We highlight three main considerations for systematic reviewers when selecting a method for handling missing mean or variability summaries: applicability; assumptions; and availability of the required data.
Applicability
While Bayesian hierarchical modelling and approximate Bayesian computation offer much flexibility for systematic review groups in which this expertise is present, these methods are not currently available in standard metaanalysis software and therefore remain unavailable to the majority of systematic reviewers. In contrast, the approximate algebraic approaches of Hozo [6], Bland [21] and Wan [22] are readily applied in Excel and statistical software.
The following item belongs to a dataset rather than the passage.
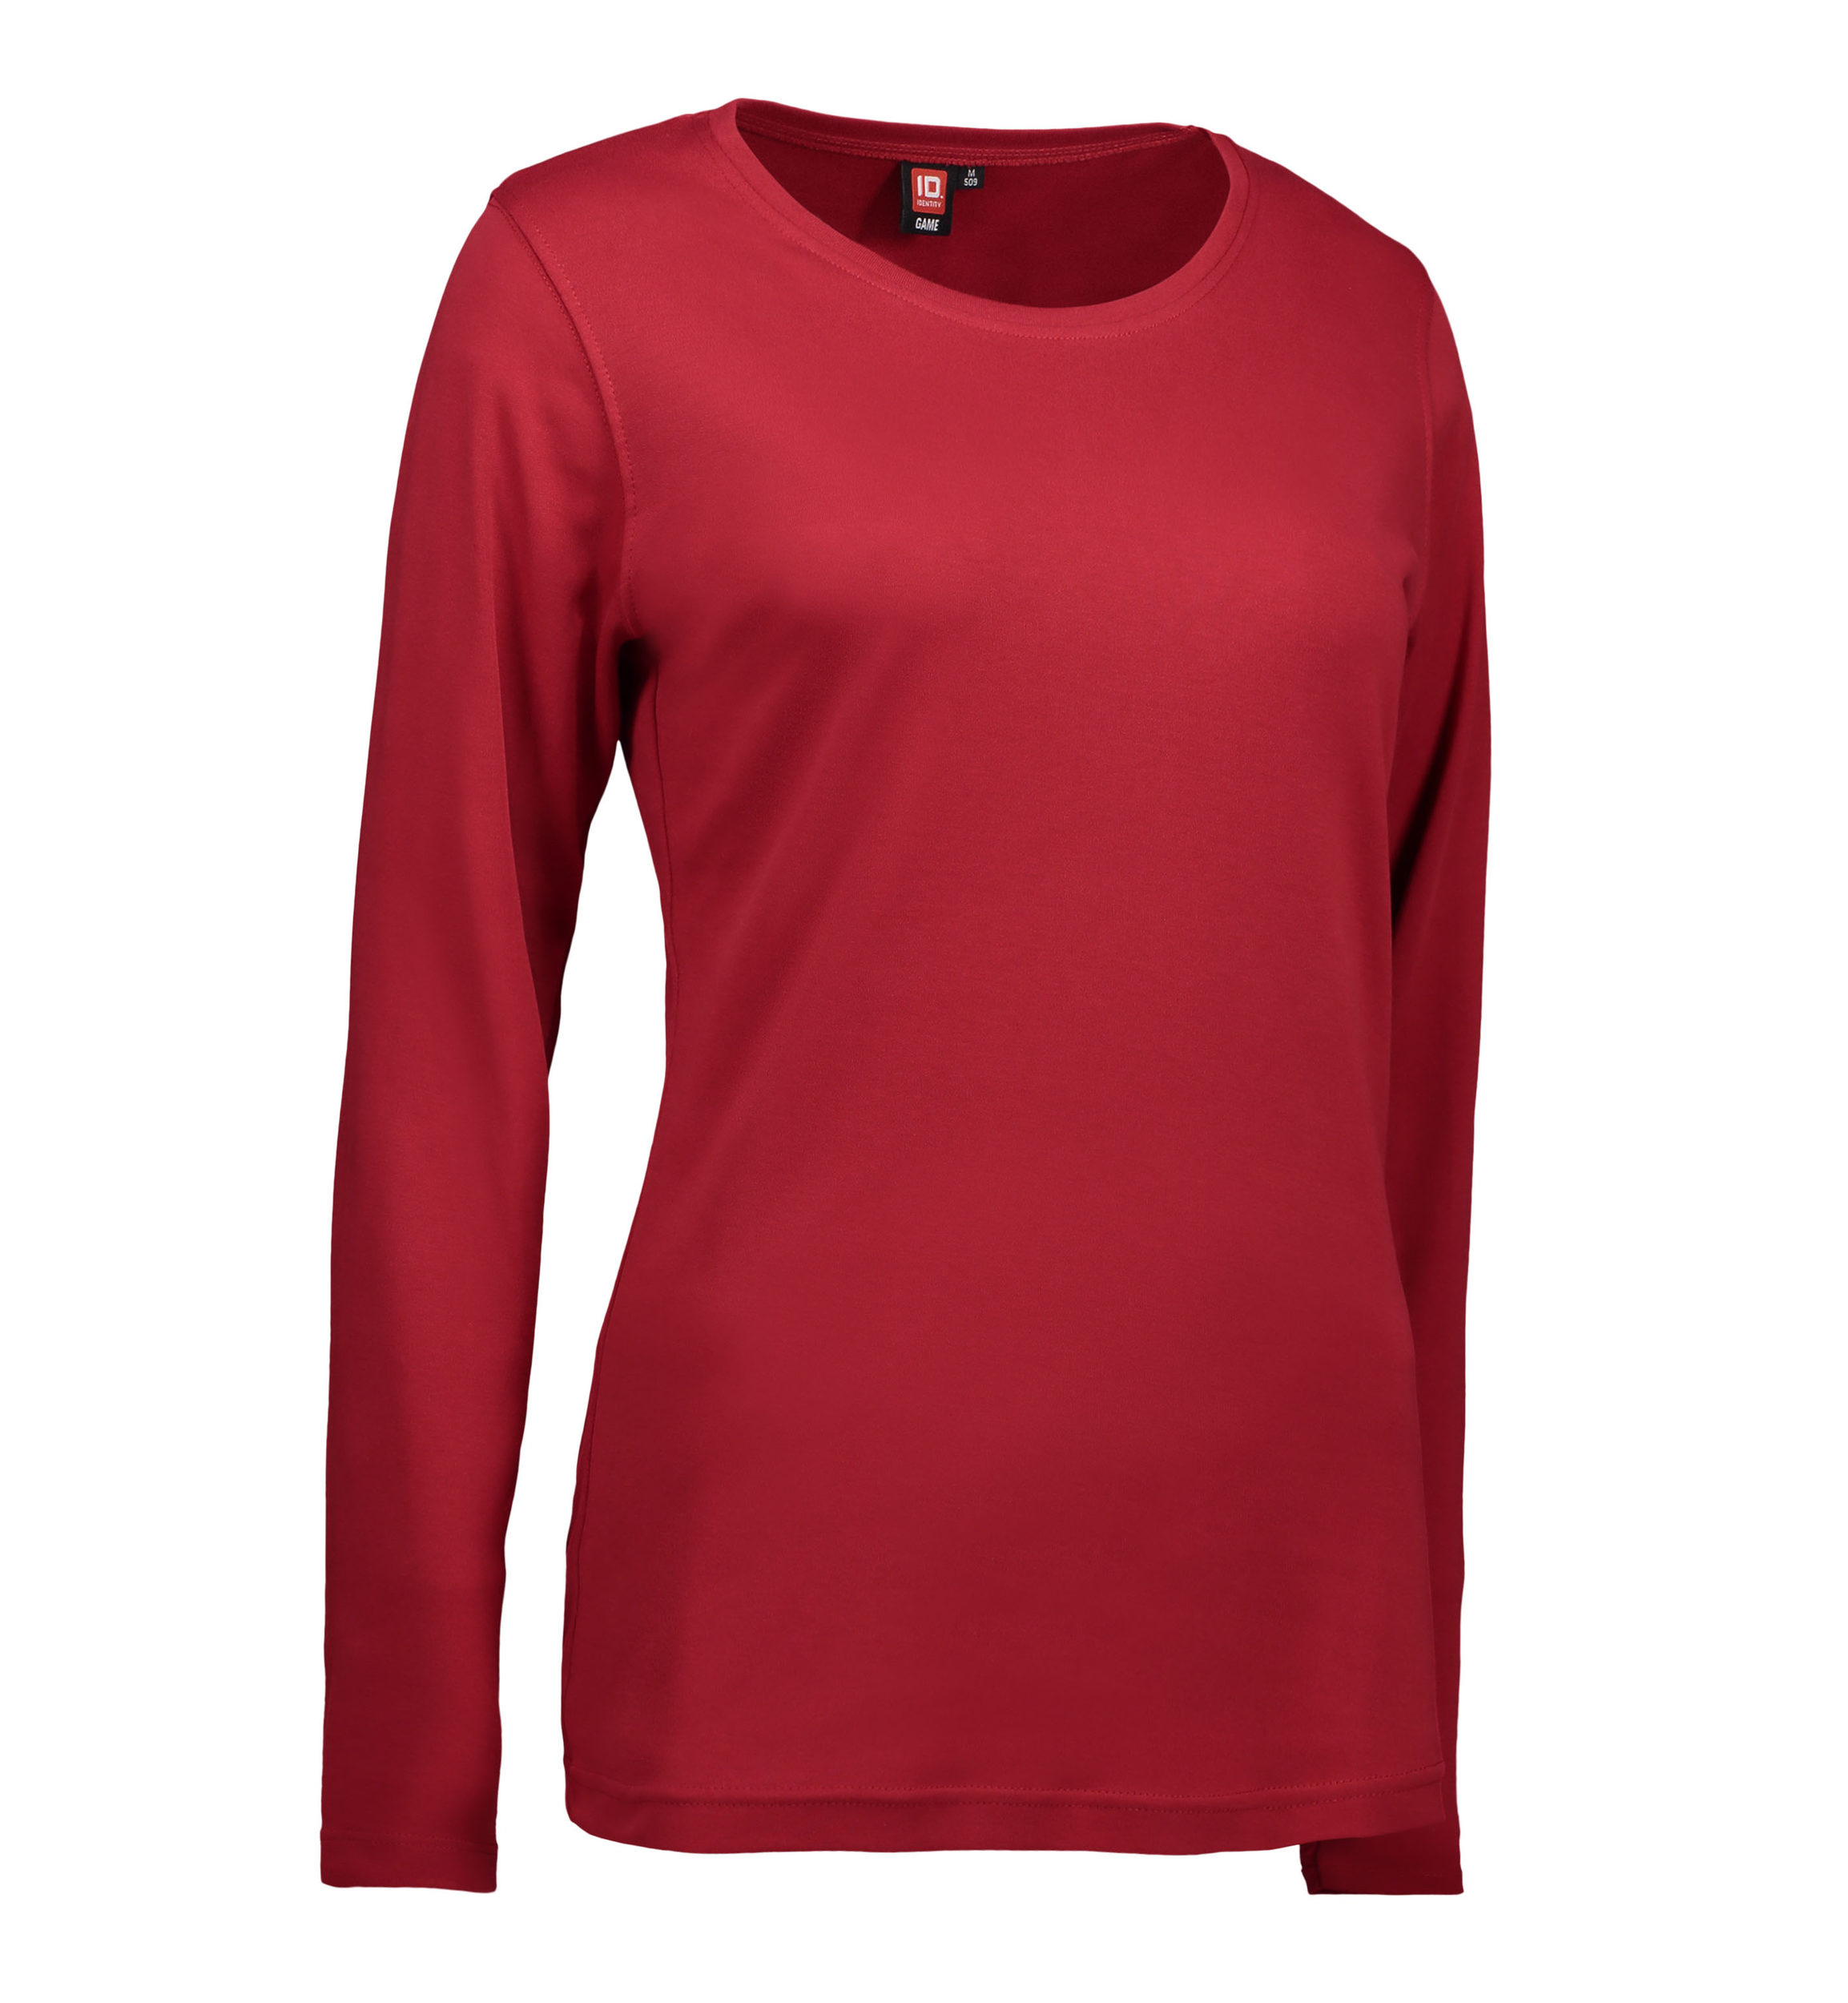 Billede af Langærmet dame t-shirt i rød - 2XL hos Sygeplejebutikken.dk

The single imputation approach of Ma et al. [23] and the lookup table in Walter and Yao [18] are also reasonably accessible. Ease of use of a particular method must of course be balanced against its assumptions, so for example sensitivity to the assumption of Normality inherent in approximate algebraic approaches would require careful evaluation.
Assumptions
Many of the methods described in this review assume that data are Normally distributed. Skewness, or other nonNormal features, may be the underlying reason for an SD or mean being absent from a clinical trial report and so any method will need to be robust to deviations from Normality. Encouragingly, despite having theoretical dependence on Normality, many methods performed well when estimating the mean or SD from data with logNormal, Weibull, Exponential or Beta distributions.
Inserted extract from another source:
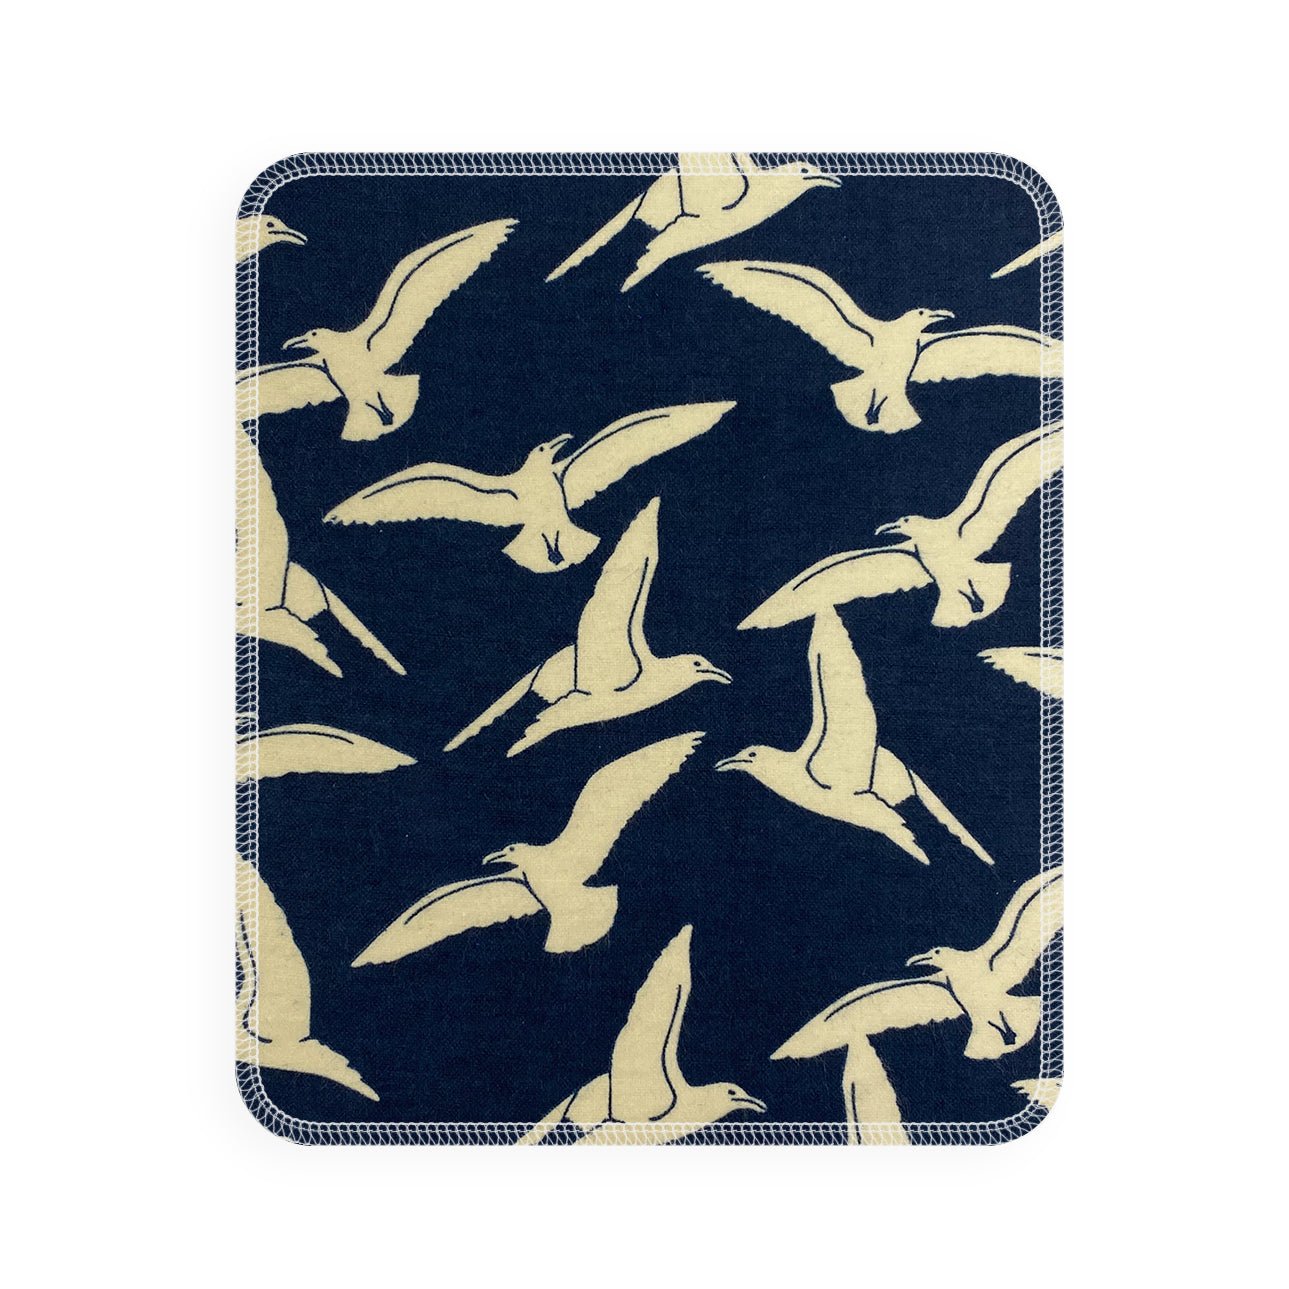 Marley's Monsters UNpaper® Towel Single: Navy Seagulls

When mean or SD data are missing in a trial report, it is essential to investigate possible mechanisms that would have led to this, and to use this knowledge when choosing an imputation method [27]. Almost all of the identified methods in this review assumed that the relevant summary statistics would be missing completely at random or at best, missing at random. The plausibility of such assumptions will often be questionable, and so conducting appropriate sensitivity analyses to explore the assumptions of the selected imputation method will also form an essential part of the process. The strategy which omits studies with missing summary statistics from the metaanalysis should be one such sensitivity analysis, given its relatively strong performance across our illustrative metaanalysis scenarios.
Availability of data
In the event of a mean or SD being unreported for a clinical trial, there is also no guarantee that summary statistics required by the methods identified in this review would be available. We therefore caution against advocating a single approach. Several methods could be applied within a single metaanalysis, on a trialby trial basis, depending on which statistics were available for each trial. The ease of applicability and strong estimation performance of the Walter and Yao method for missing SDs cannot be utilised if the minimum and maximum values (or range) of the data are unreported. Similarly, the straightforward method of Wan estimates the mean well but requires information on the median and lower and upper quartiles. For example, in a systematic review of earlysupported discharge interventions following acute stroke [28], the minimum and maximum of the hospital length of stay outcome were reported in four of eight original trial publications (50%) and its median, lower and upper quartiles were reported for two of eight trials (25%). This emphasises the importance of having a suite of methods available to handle unreported summary statistics.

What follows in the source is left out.